FCC-hh aims to extend searches for beyond-Standard-Model phenomena explored at facilities like Tevatron and LEP and pursue precision measurements of the Higgs boson, top quark, and electroweak sector beyond the capabilities of LHC Run 3 and planned High-Luminosity LHC upgrades. It targets direct production of potential heavy states predicted in theories studied by groups at Institute for Advanced Study, Perimeter Institute, and CERN Theory Department—including searches for supersymmetry, extra dimensions, and heavy resonances analogous to speculative particles discussed in models by Georgi–Glashow-type frameworks and by researchers at Princeton University and Caltech. Precision programmes seek to constrain parameters relevant to cosmological questions probed by Planck (spacecraft), WMAP, and dark-matter experiments such as XENONnT and LUX-ZEPLIN, and to test mechanisms tied to baryogenesis studies from groups at Lawrence Berkeley National Laboratory.

Site, Infrastructure, and Construction Plan

The envisaged tunnel would be located in the Geneva region, leveraging existing CERN sites near Meyrin and Saint-Genis-Pouilly, with integration of surface campuses and access shafts modeled on past civil works at CERN Meyrin site and tunnelling practice from projects like Alpine Tunnel. Construction planning references procurement frameworks used by European Space Agency projects and mass-manufacture strategies from industrial consortia including Siemens Energy and Areva for cryogenics and power infrastructure. Timelines proposed by study groups indicate phases for site investigation, environmental permitting similar to processes applied in the Alpine Convention context, and staged commissioning akin to the sequence employed for LHC commissioning and the LEP physics run.

Cost, Funding, and International Collaboration

Cost estimates presented in study reports have prompted comparison with major scientific investments such as James Webb Space Telescope, International Thermonuclear Experimental Reactor (ITER), and national flagship projects financed by entities like the European Investment Bank and national ministries (for example, entities equivalent to French Ministry of Higher Education and Research and German Federal Ministry of Education and Research). Funding scenarios envision multilateral cost-sharing across participants including European Union member states, the United States Department of Energy, and national research agencies such as CNRS, INFN, Russian Academy of Sciences, and Japan Society for the Promotion of Science. Governance proposals reference models from CERN Convention, international treaties such as Euratom Treaty precedents, and partnership structures resembling International Linear Collider arrangements.

Environmental and Safety Considerations

Environmental assessments refer to mitigation strategies used in large infrastructure projects like Gotthard Base Tunnel and Channel Tunnel, covering groundwater management, spoil handling, and habitat protection involving authorities such as Federal Office for the Environment (Switzerland).

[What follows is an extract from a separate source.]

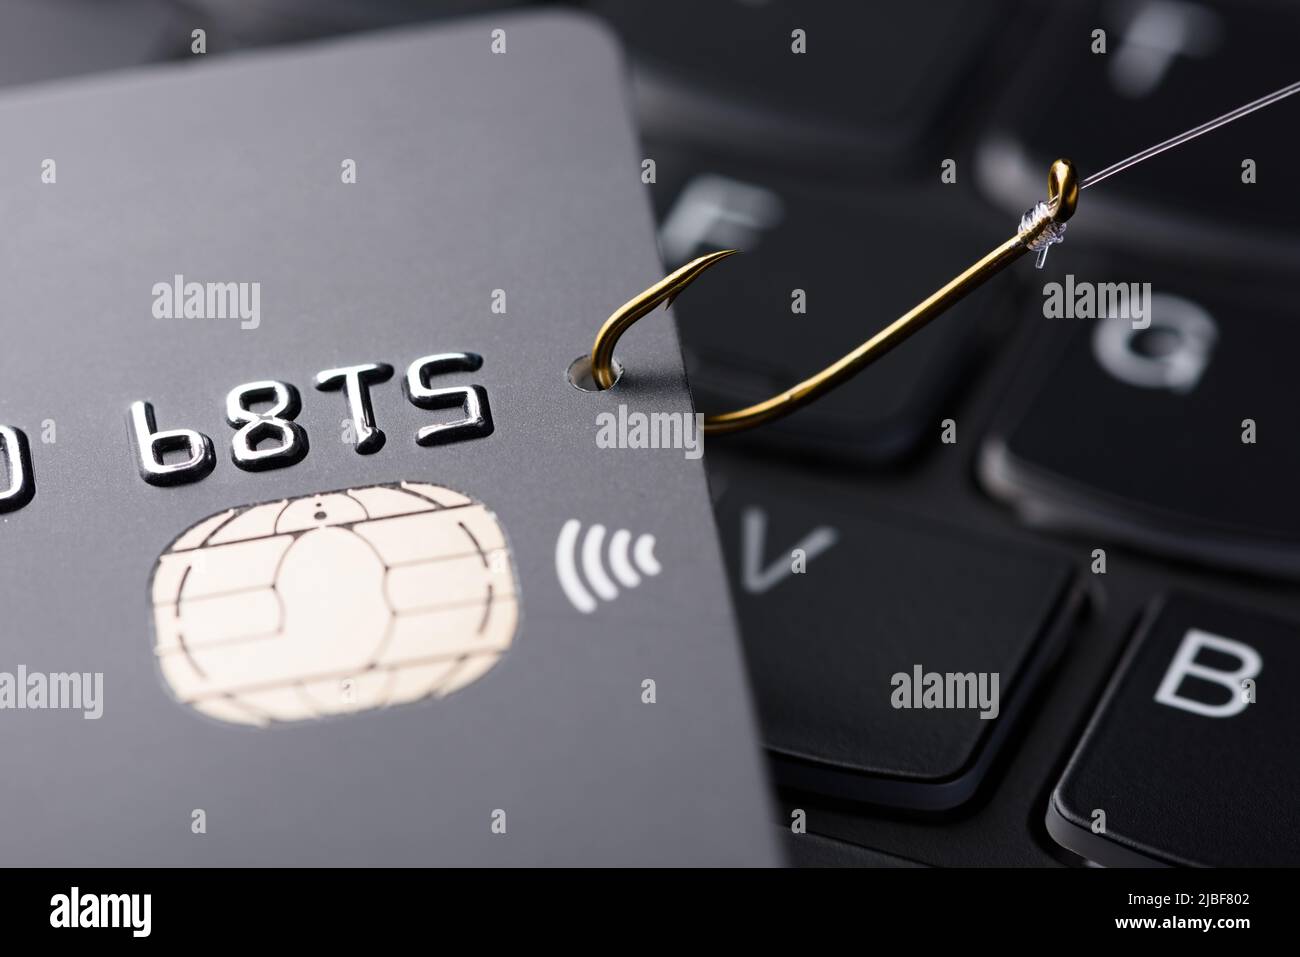 Konzept für Phishing-Betrug mit Kreditkarte. Kreditkartendatendiebstahl, Karte von Hacker-Cyber-kriminellen auf Angelhaken auf der Tastatur gehakt. Stockfoto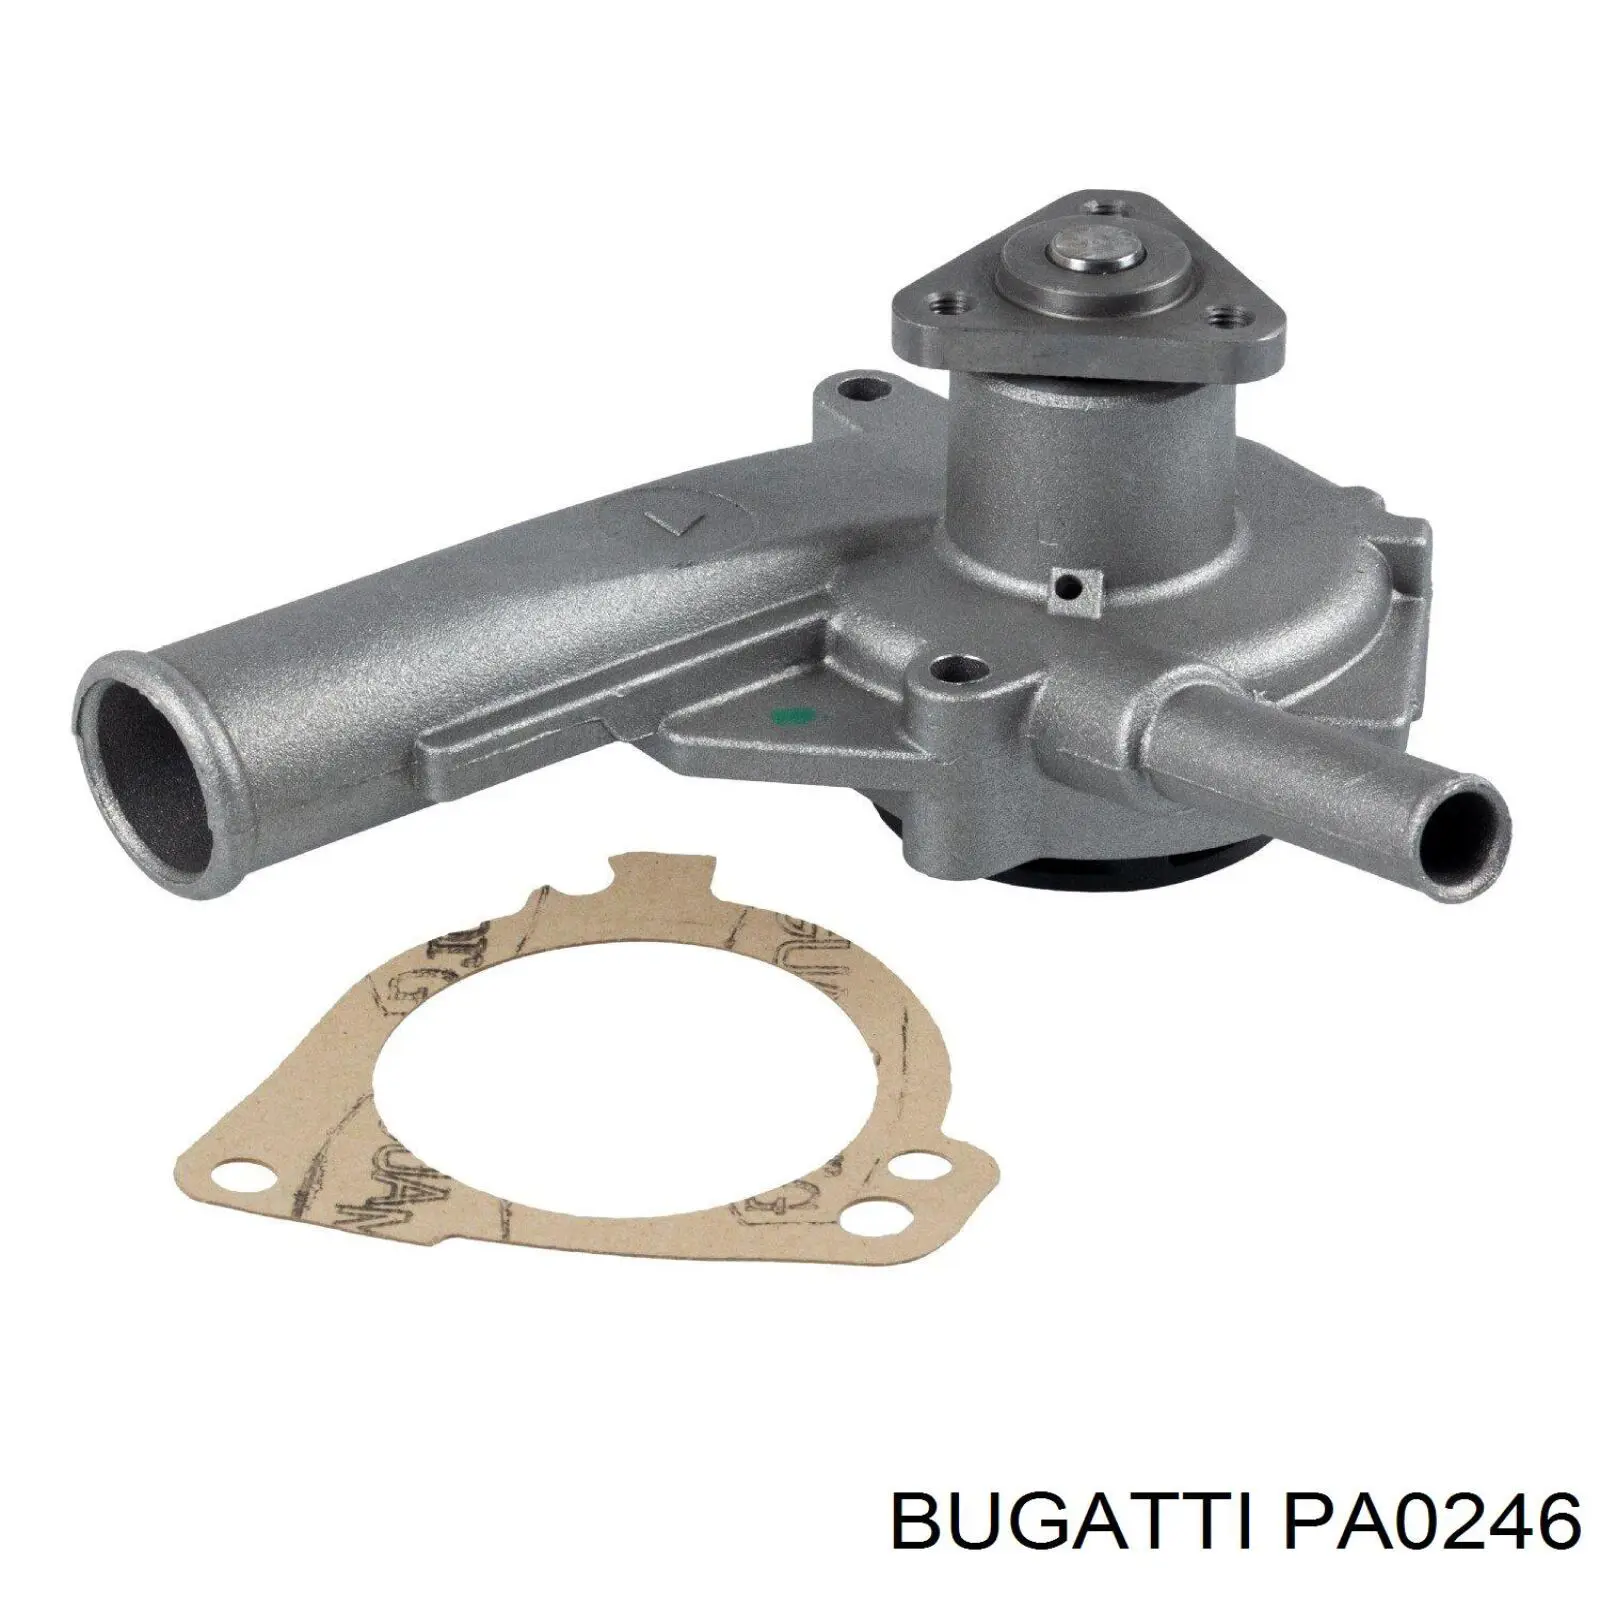 PA0246 Bugatti bomba de agua

Radiation protection and personnel safety build on regulatory frameworks applied at CERN Radiation Protection and national bodies including Agence de sûreté nucléaire-style regulators and Office for Nuclear Regulation (UK) analogues. Emergency planning and industrial safety draw on standards from International Organization for Standardization certifications and lessons from past accelerator incidents recorded in operational histories of SLAC, Fermilab, and CERN.